As for Wilson, she’s currently enjoying audiobook recording. (“Let me live in a booth,” she jokes. “I want to die with cans on.”) However, like anyone with an excess of creative ideas, she’s not interested in ever limiting herself to just one line on her résumé. She enthusiastically brainstorms a future that involves producing documentaries about social justice (a nod to her college minor in sociology) and the natural world. She also hopes to lean more into writing, including narrative fiction and plays. And if a dream director came calling, she’d absolutely consider getting back in front of the camera.

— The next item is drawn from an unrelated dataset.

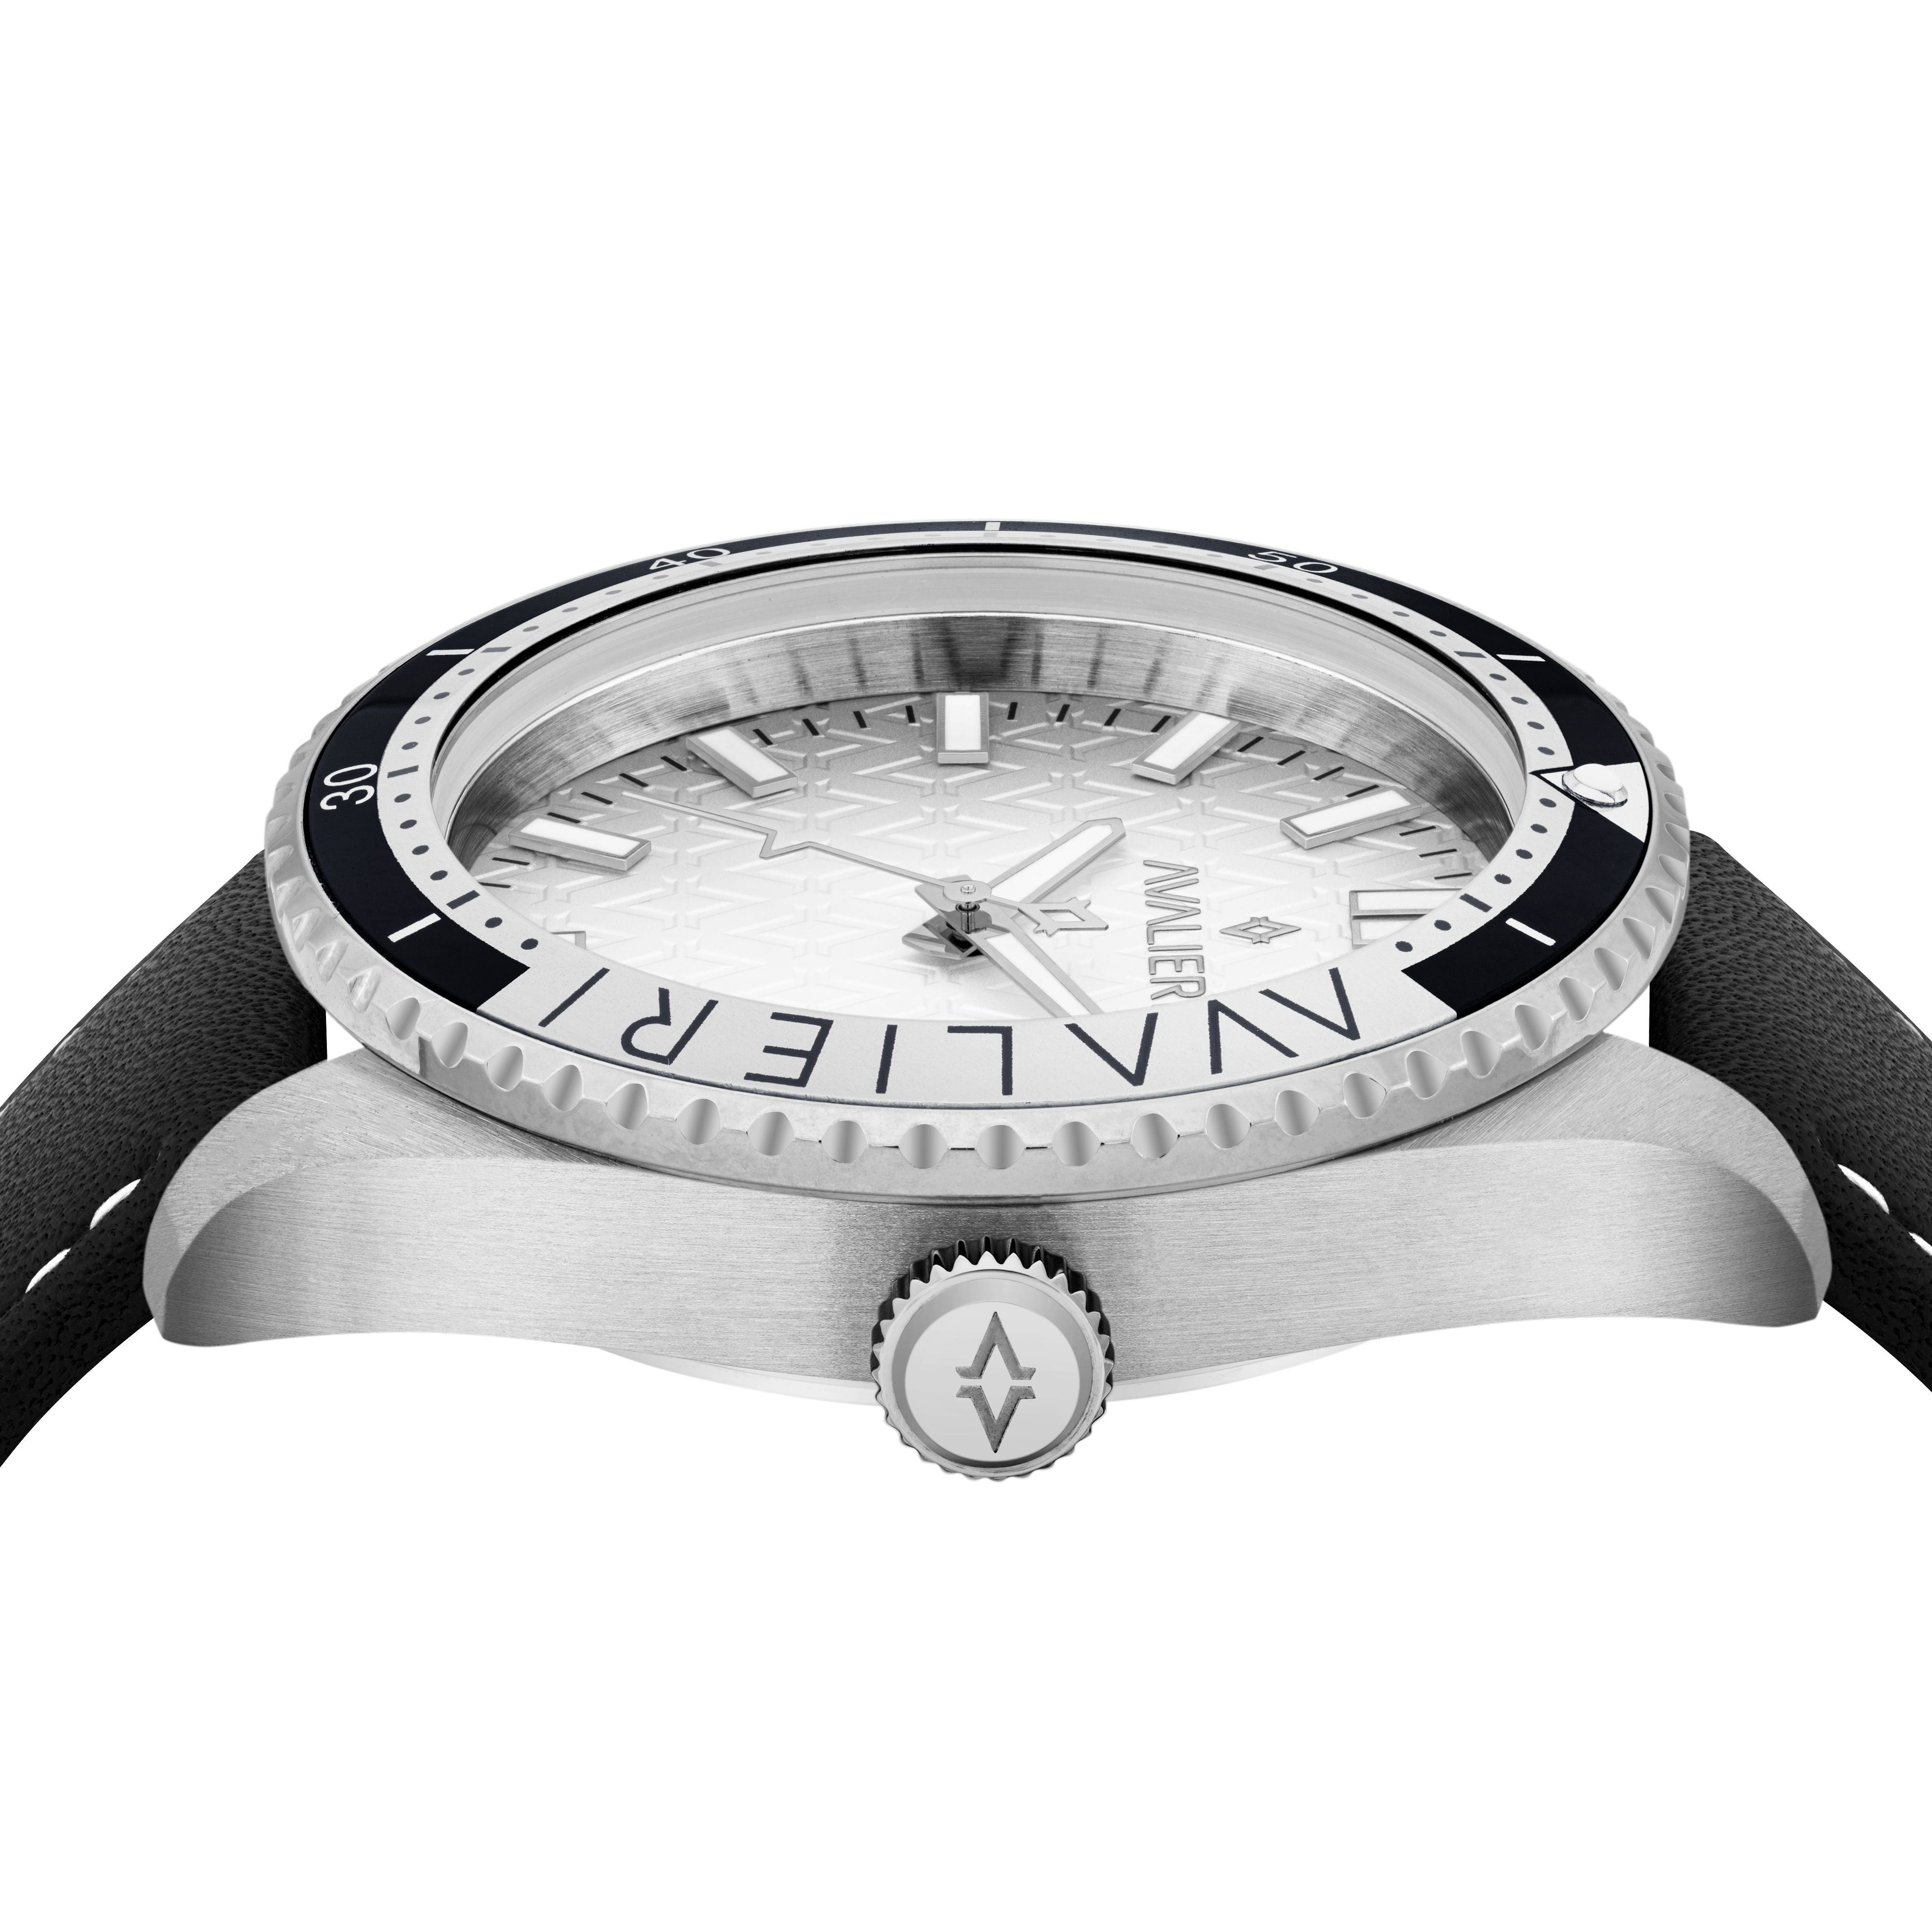 Avalieri Men's Quartz Watch Silver Dial - AV-2341B

“Maybe I’m a generalist; maybe I’m a dilettante,” she laughs. “I’ve kind of accepted that. Nobody has one job anymore. I was babysitting for a friend yesterday, and then went over to rerecord some audiobook lines, and then came home and started prepping another book. And then I promoted some other stuff that I was doing and talked about some writing projects. It’s like a million different things, and I’m happy that way. It takes some skill, which I’m still figuring out. It takes some finesse to be able to juggle them all. But there is something about it that I like, and I’m glad that I am fortunate enough to be in a place where I can do it all.”


Laura Studarus is a Los Angeles-based travel writer who has contributed to Fast Company, BBC Travel, and Thrillist.